# Activity
Return the line that has "h&m infant boys pure cotton sun hat" and all lines below it through the last, exactly as they stand; omit pictures.

[Input data Boundary: Start]

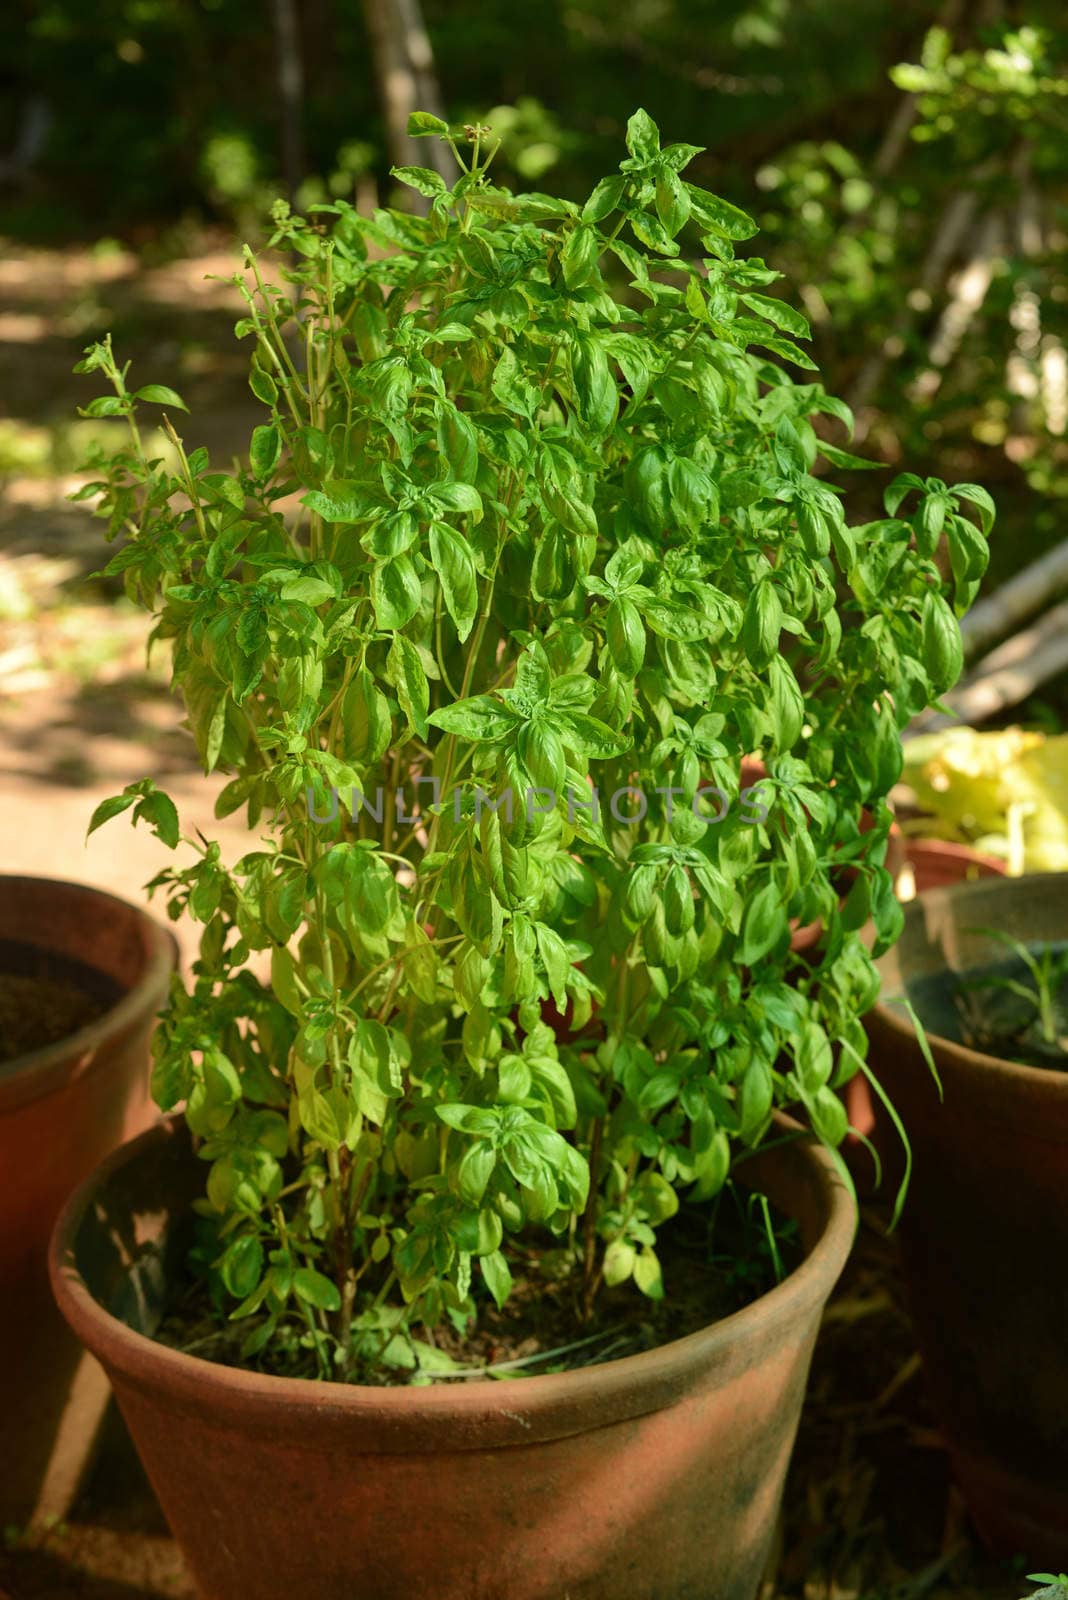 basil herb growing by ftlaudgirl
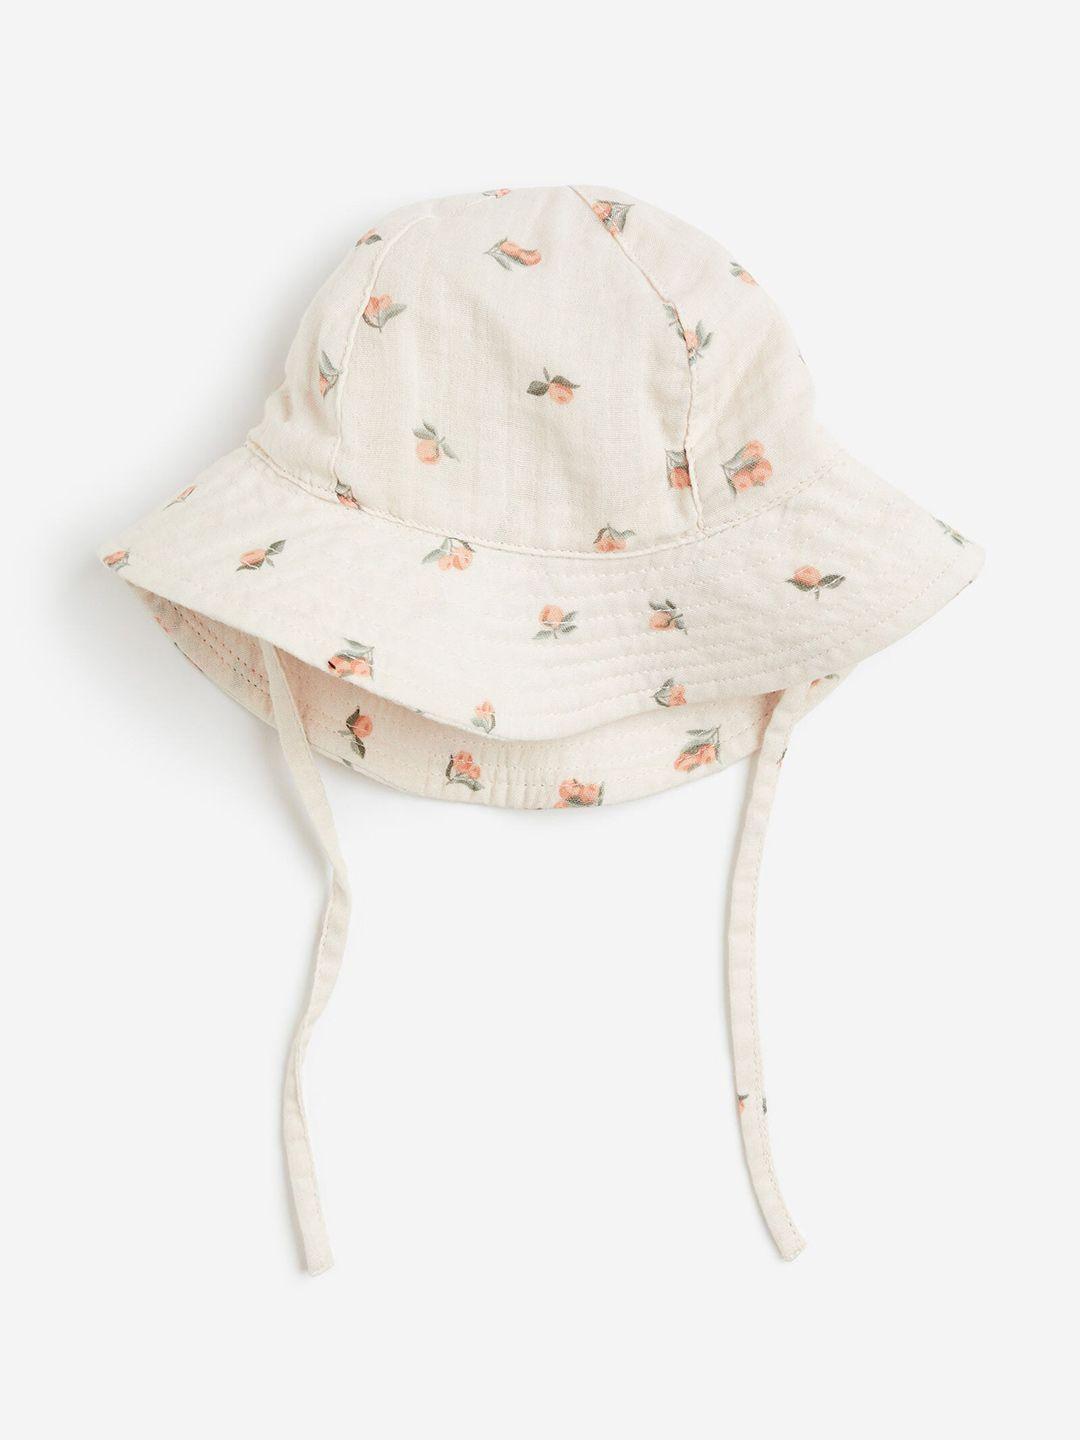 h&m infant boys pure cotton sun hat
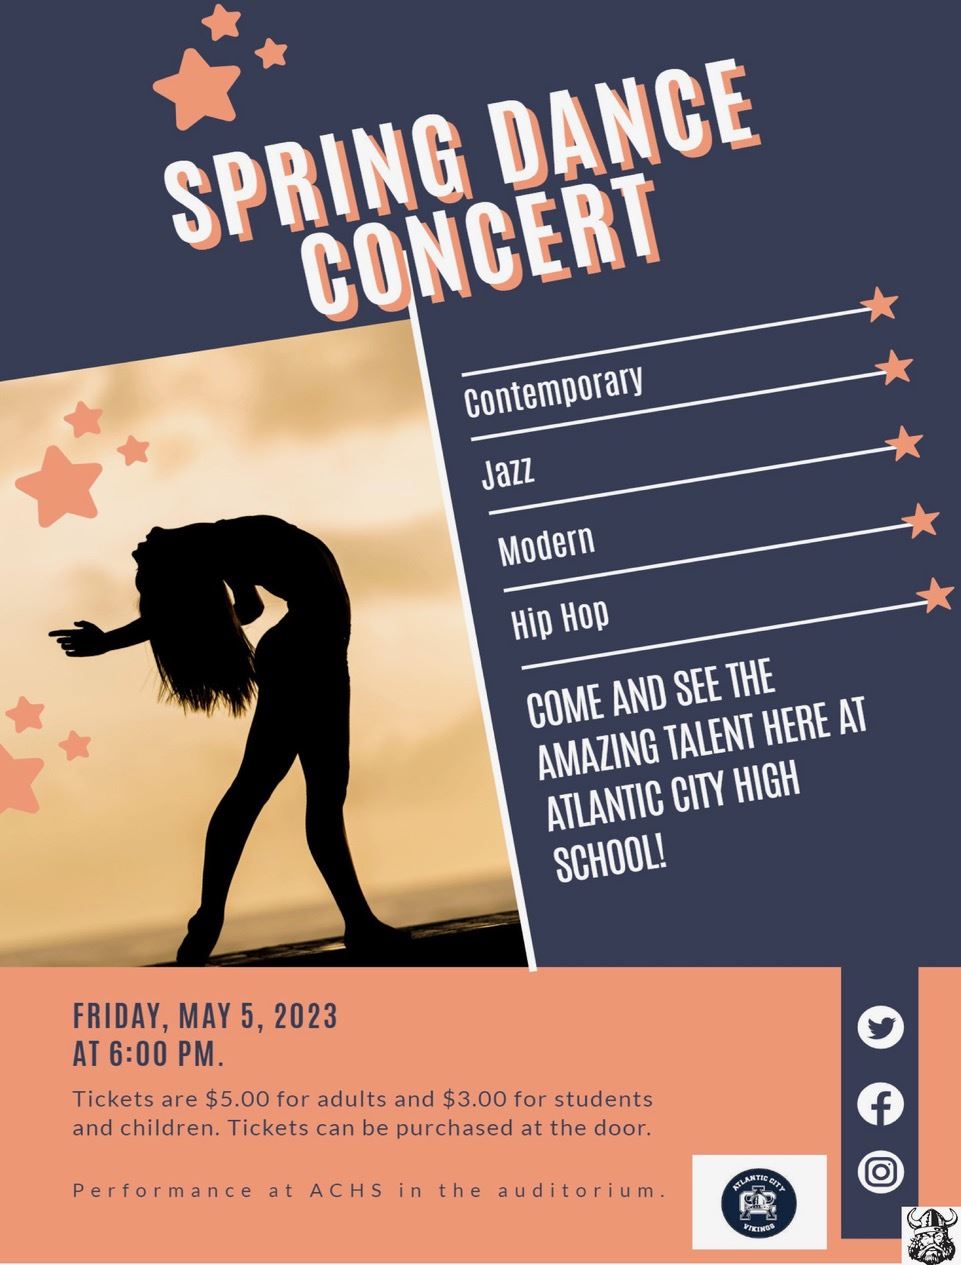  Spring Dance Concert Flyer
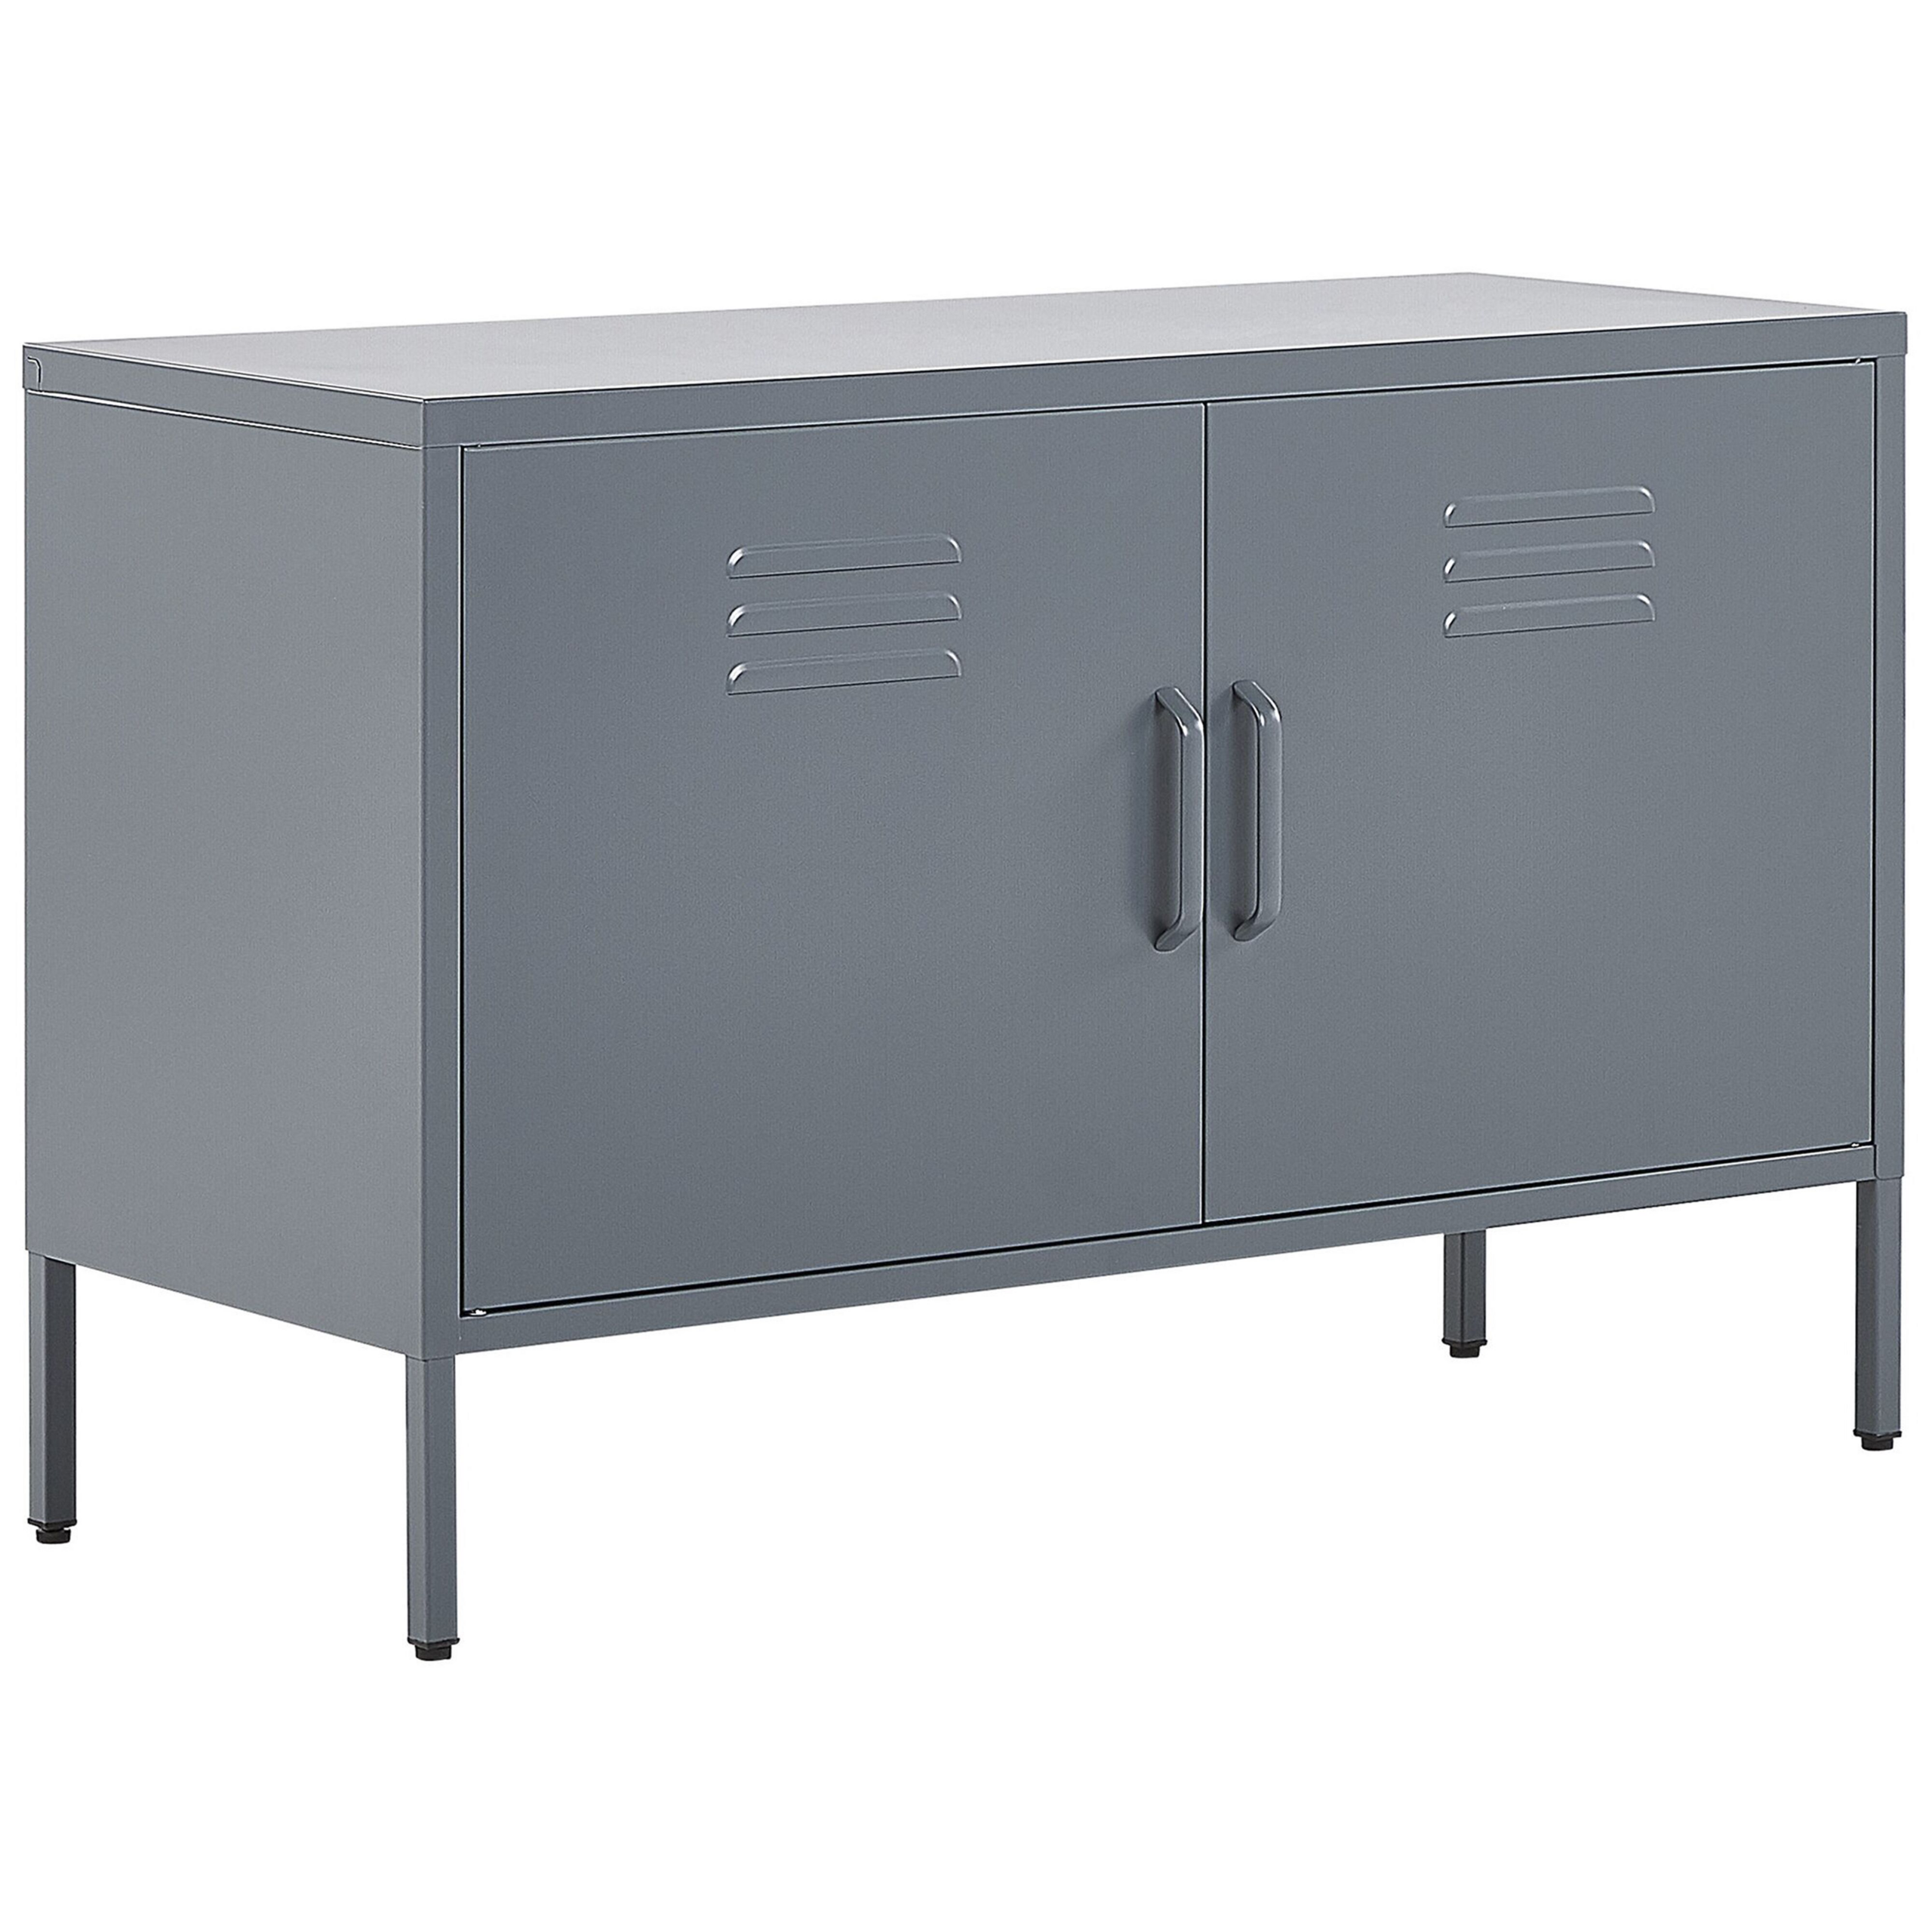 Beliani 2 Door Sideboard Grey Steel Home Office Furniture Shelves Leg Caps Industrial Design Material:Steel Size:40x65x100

[Input data Boundary: End]

# Result of the exercise
 h&m infant boys pure cotton sun hat
  Spring Dance Concert Flyer
 Beliani 2 Door Sideboard Grey Steel Home Office Furniture Shelves Leg Caps Industrial Design Material:Steel Size:40x65x100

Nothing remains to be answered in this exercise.